_Material for this task:_
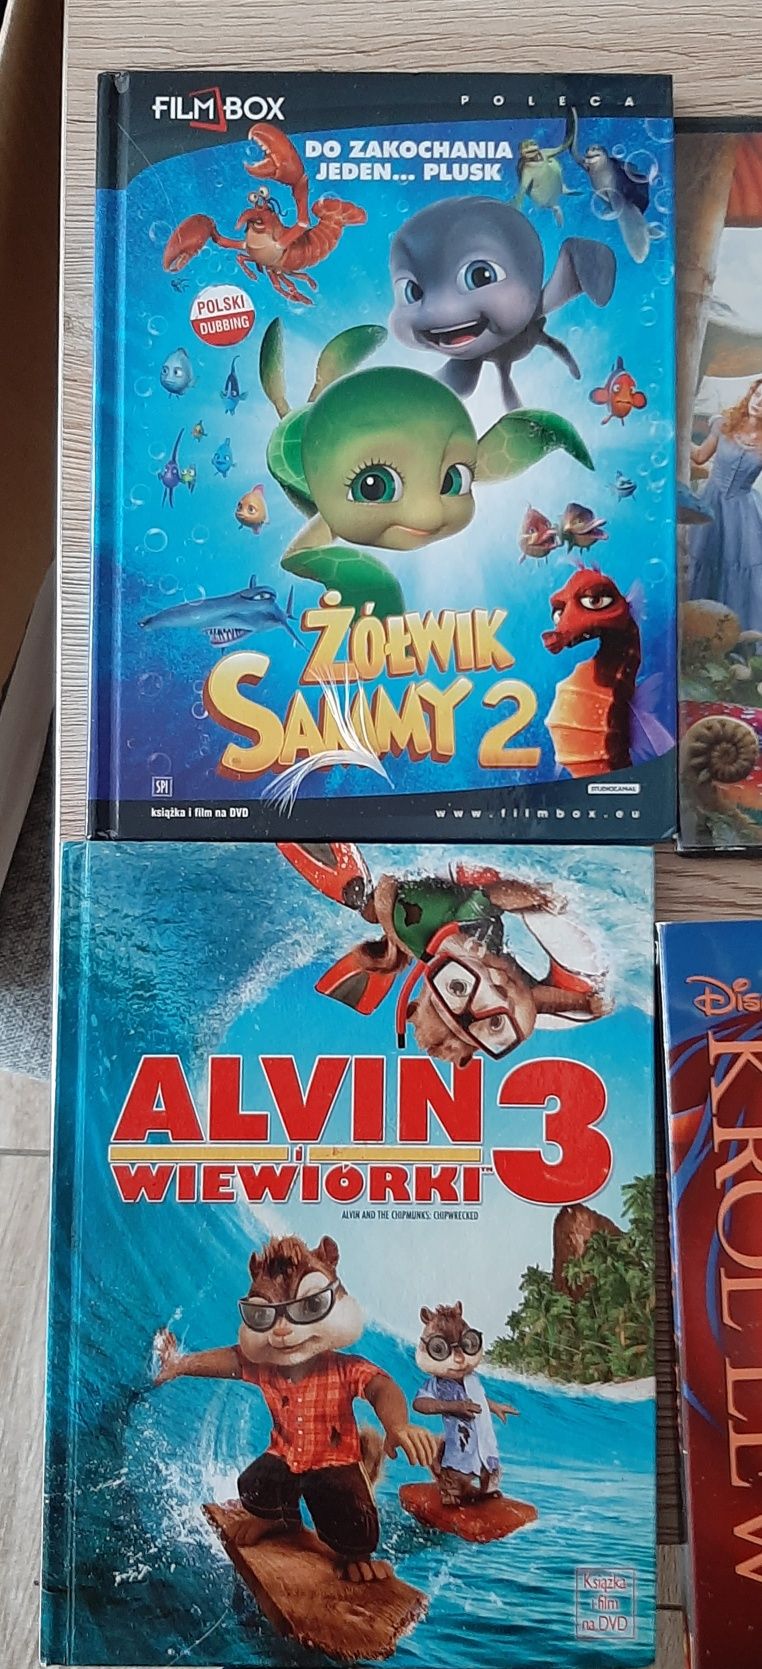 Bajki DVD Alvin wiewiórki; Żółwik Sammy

* * *

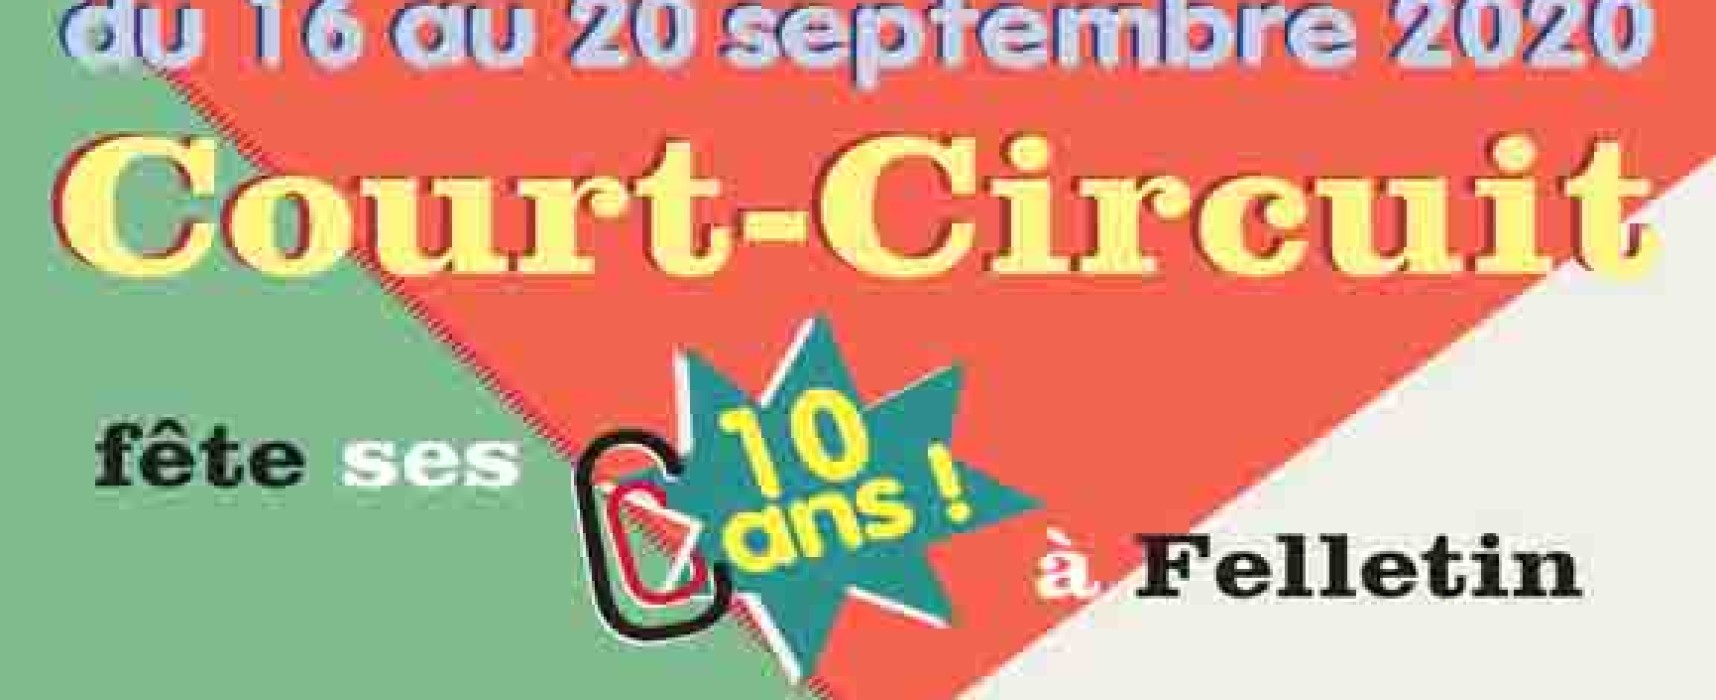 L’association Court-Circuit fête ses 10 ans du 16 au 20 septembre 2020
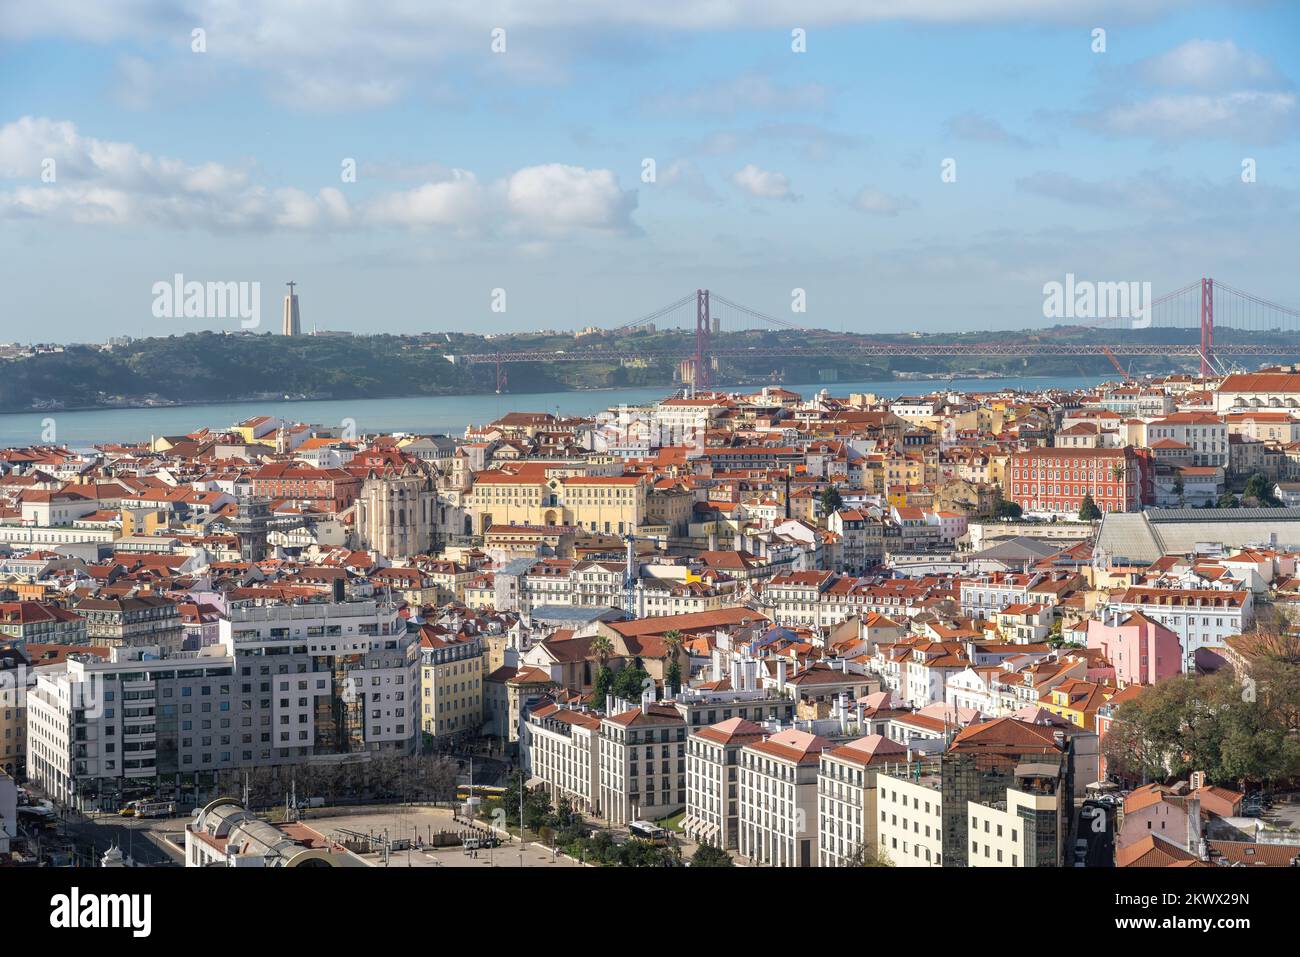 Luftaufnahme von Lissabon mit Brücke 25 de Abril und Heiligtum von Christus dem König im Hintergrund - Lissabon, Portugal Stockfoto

* * *

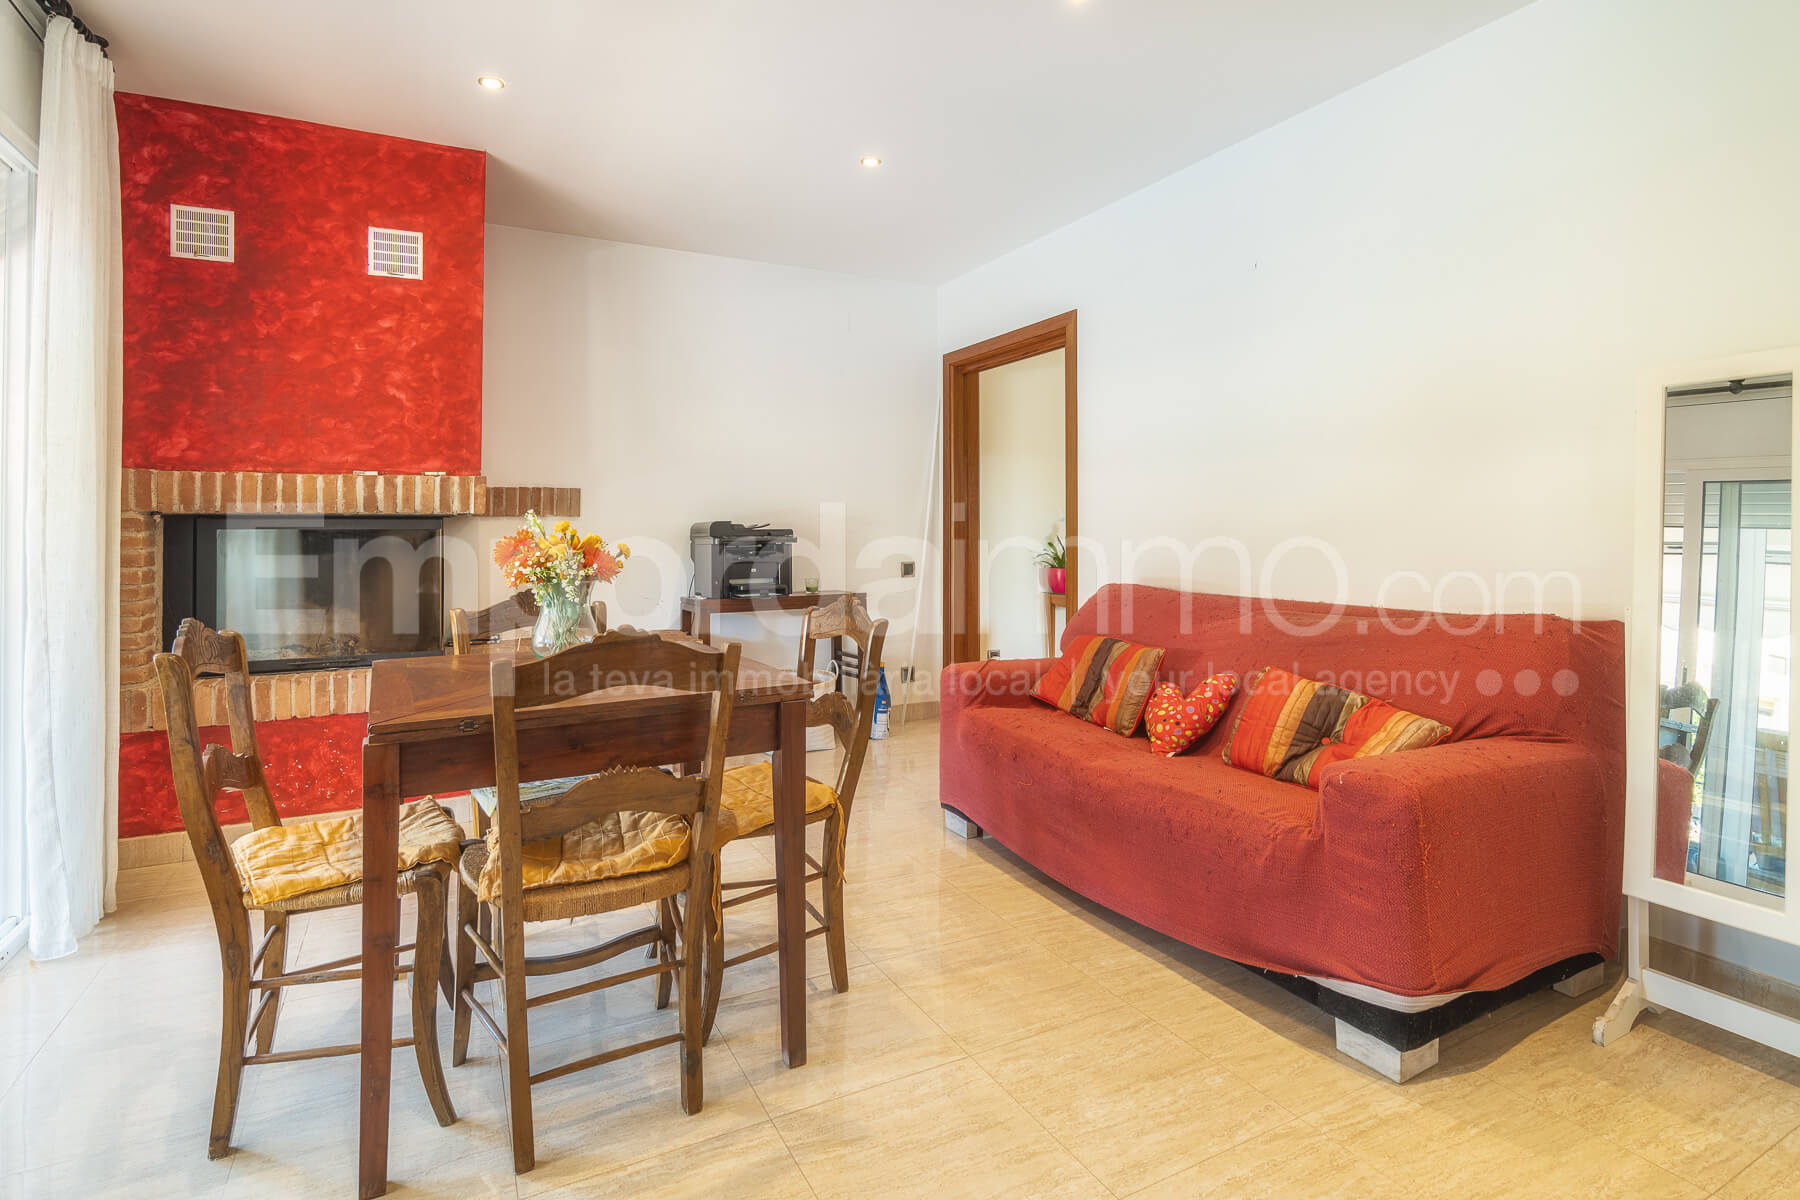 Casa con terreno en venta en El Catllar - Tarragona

_Directions:_
Using the entries above, transcribe every line from the line containing "L’association Court-Circuit fête" through the line containing "Luftaufnahme von Lissabon". Do not copy pictures.

_Response to the exercise:_
 L’association Court-Circuit fête ses 10 ans du 16 au 20 septembre 2020
 Luftaufnahme von Lissabon mit Brücke 25 de Abril und Heiligtum von Christus dem König im Hintergrund - Lissabon, Portugal Stockfoto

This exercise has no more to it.